The success of the film rests on the balance with which the story unfolds. Put simply, there’s something here for everyone: romance, action, character, philosophy, conflict, cinematography, great lines, music, and so on … and it all fits together almost flawlessly. I’m sure if you looked hard enough you could find fault with some parts of the movie, but considering its nearly three-hour run time it manages to avoid pitfalls remarkably well.
This is William Wallace’s story. And through him, the audience is allowed a mirror with which to view itself. This is the true measure of a great story: its ability to not only provide commentary, but also to provoke introspection. And that happens here quite often. One of the film’s most quoted lines is “Every man dies, not every man really lives.” Within just those seven words there is a great deal of thought and sentiment.

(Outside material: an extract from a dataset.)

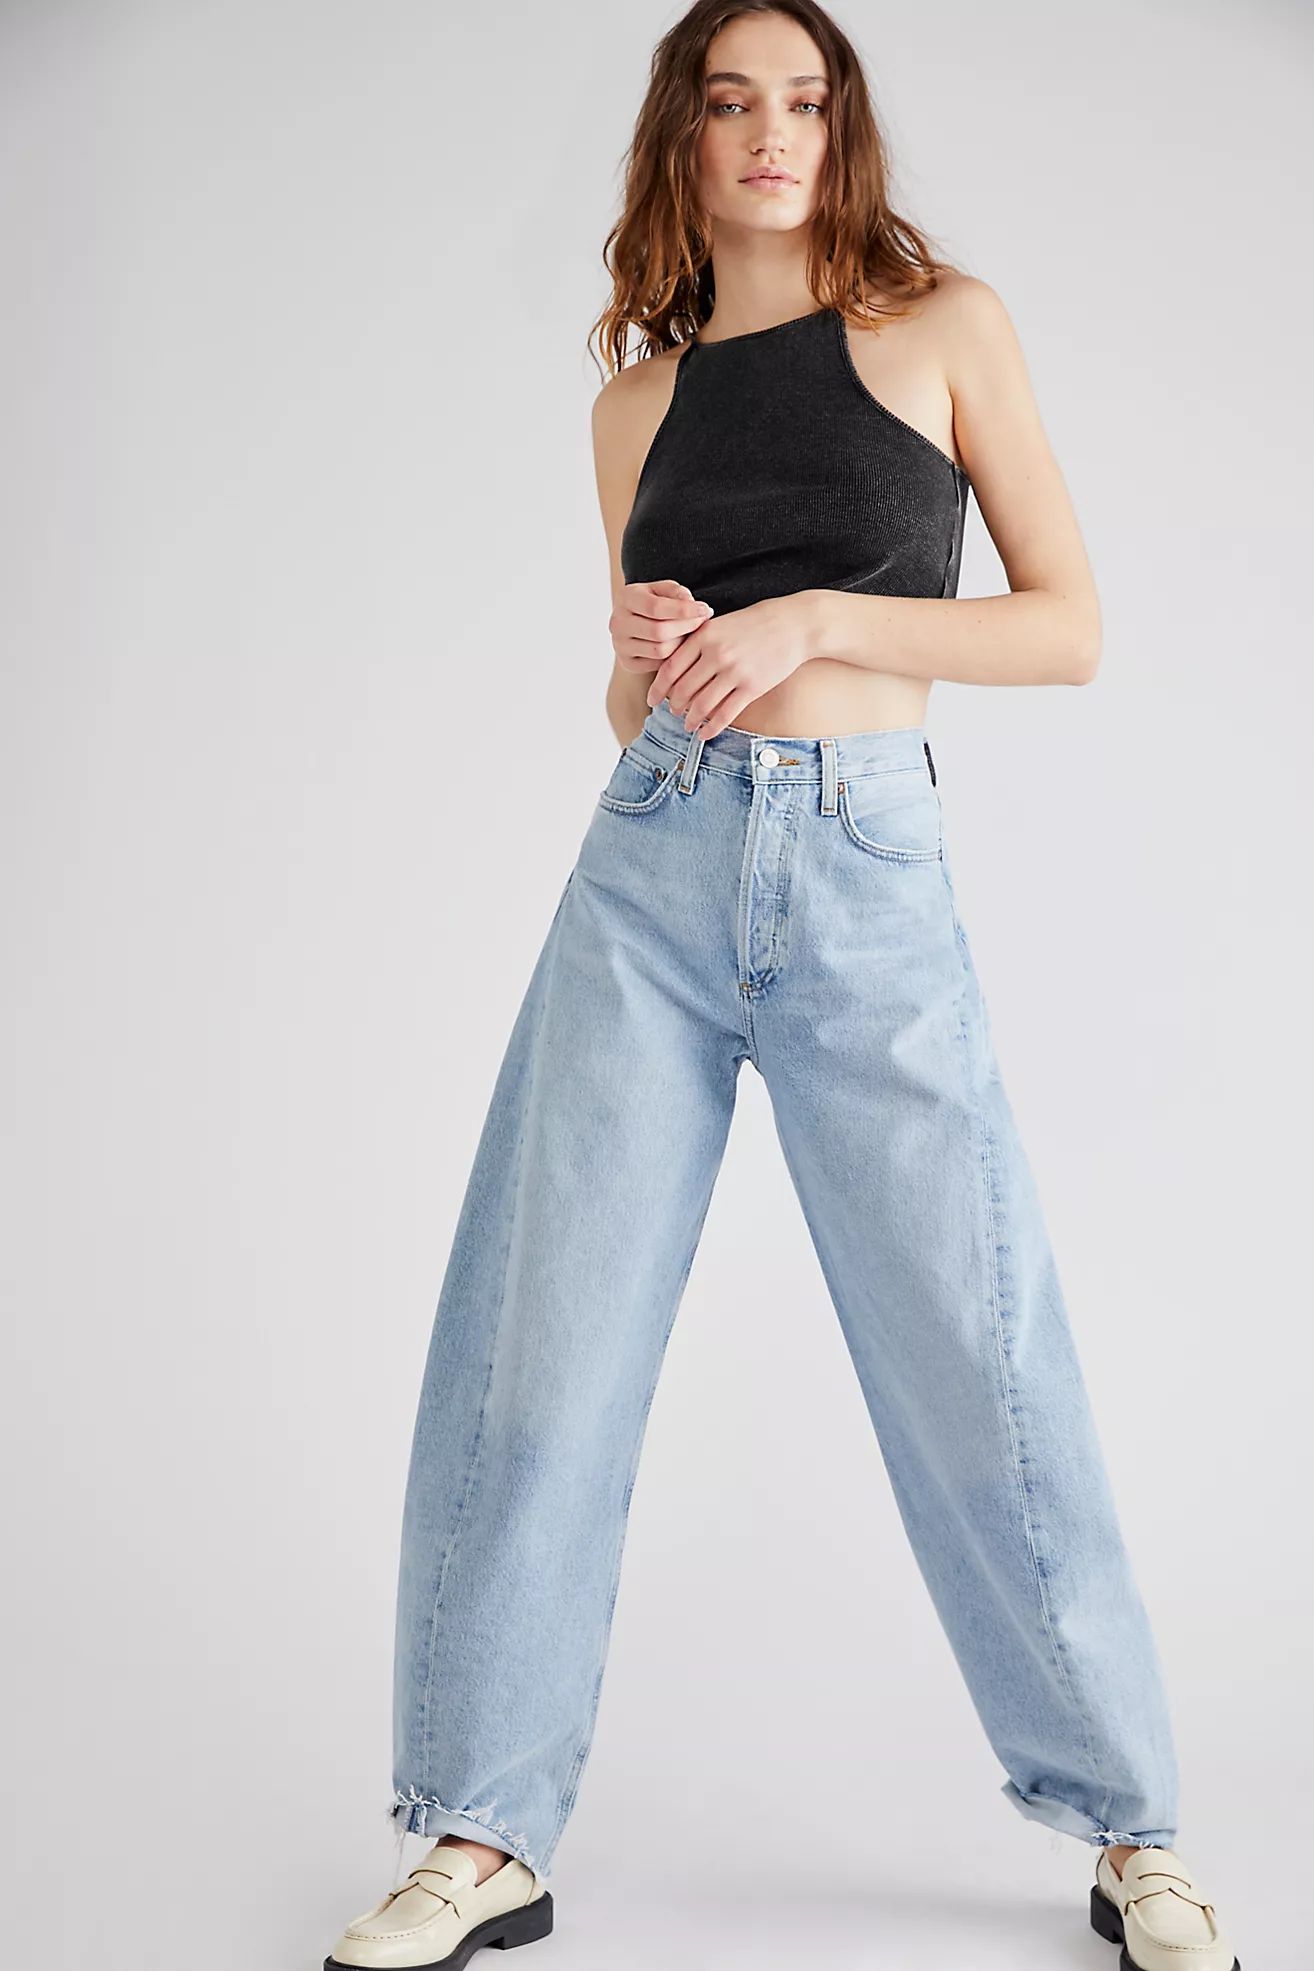 AGOLDE Luna Pieced Jeans | Free People (Global - UK&FR Excluded)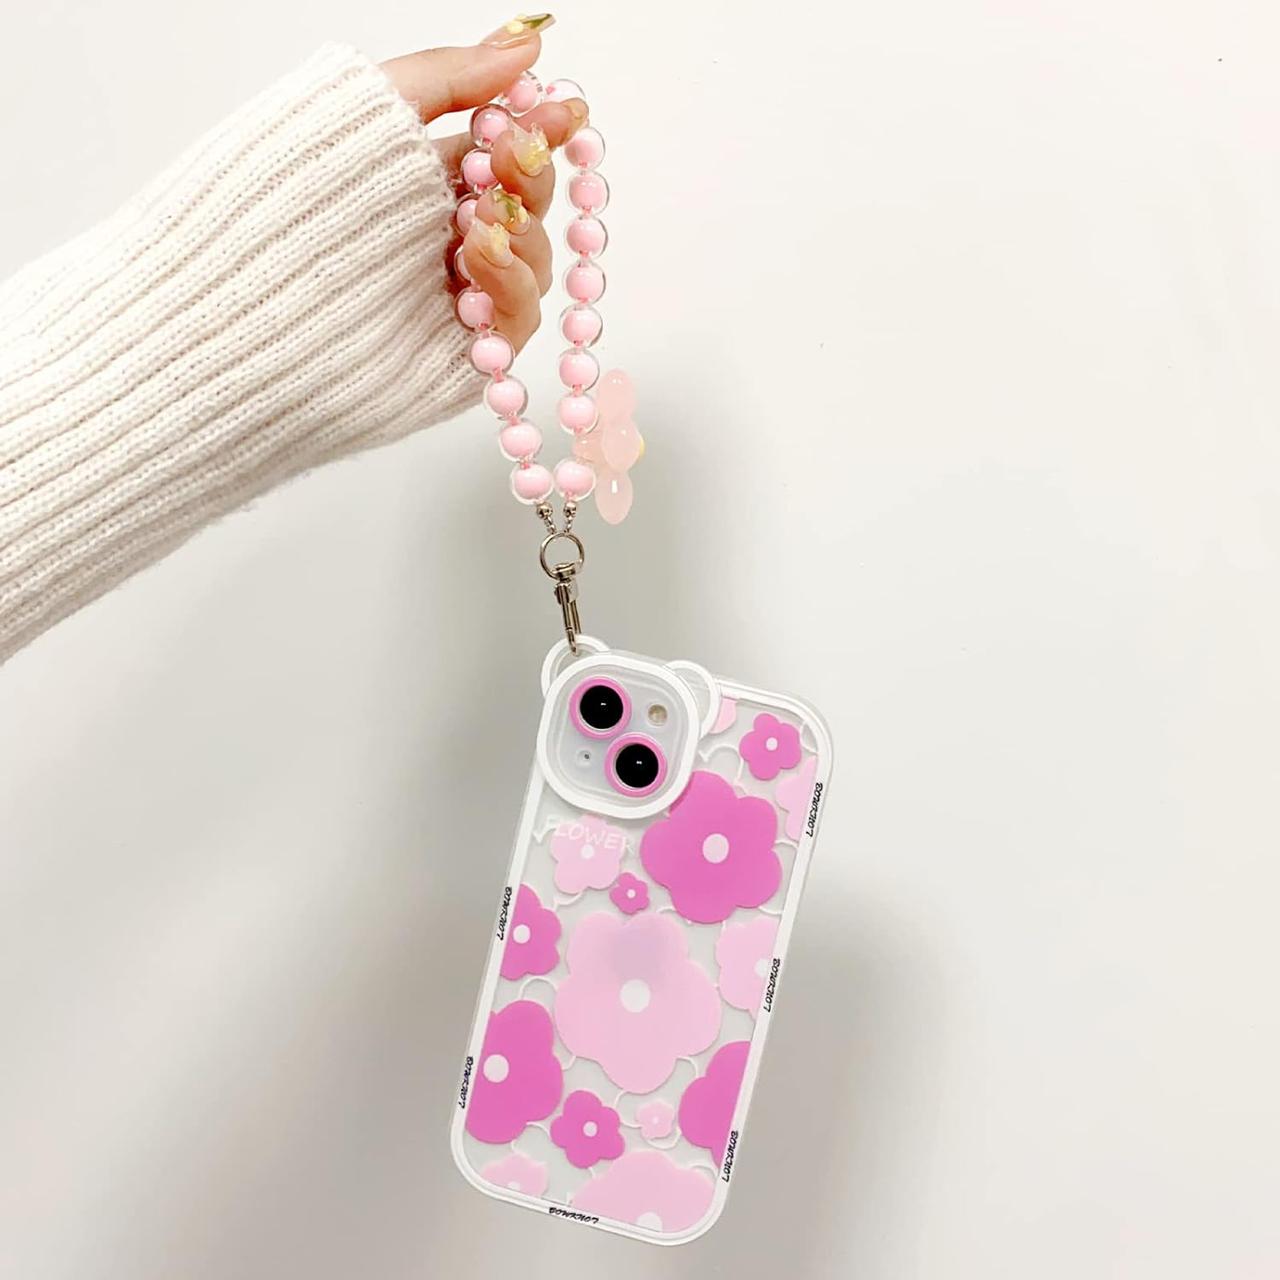 Pink Floral Pattern Transparent Silicon Case for iPhone With Phone Charm

It encapsulates a philosophy, a raison d’être, that anyone can immediately identify with. And it’s a beautiful philosophy – like carpe diem. And it encourages us to find the purpose and meaning within our lives on a daily basis.
This is also a love story, between William Wallace and Murron – a childhood friend. Theirs is a story that flows effortlessly from childhood tragedy and bonding, to adulthood romance and marriage. Indeed, it is Murron’s murder that proves to be Wallace’s motivation to launch his personal war against England whose king, Edward ‘the Longshanks’ is portrayed with a powerfully brutality in the film, making him a very compelling villain.
Wallace’s quest is joined by a cast that is quite adept in their roles. There are hardly any weak links in the acting of this movie, which means that the underlying themes and conflicts are portrayed to maximum effect from start to finish. Mel Gibson’s directing certainly has to be credited for some of that success.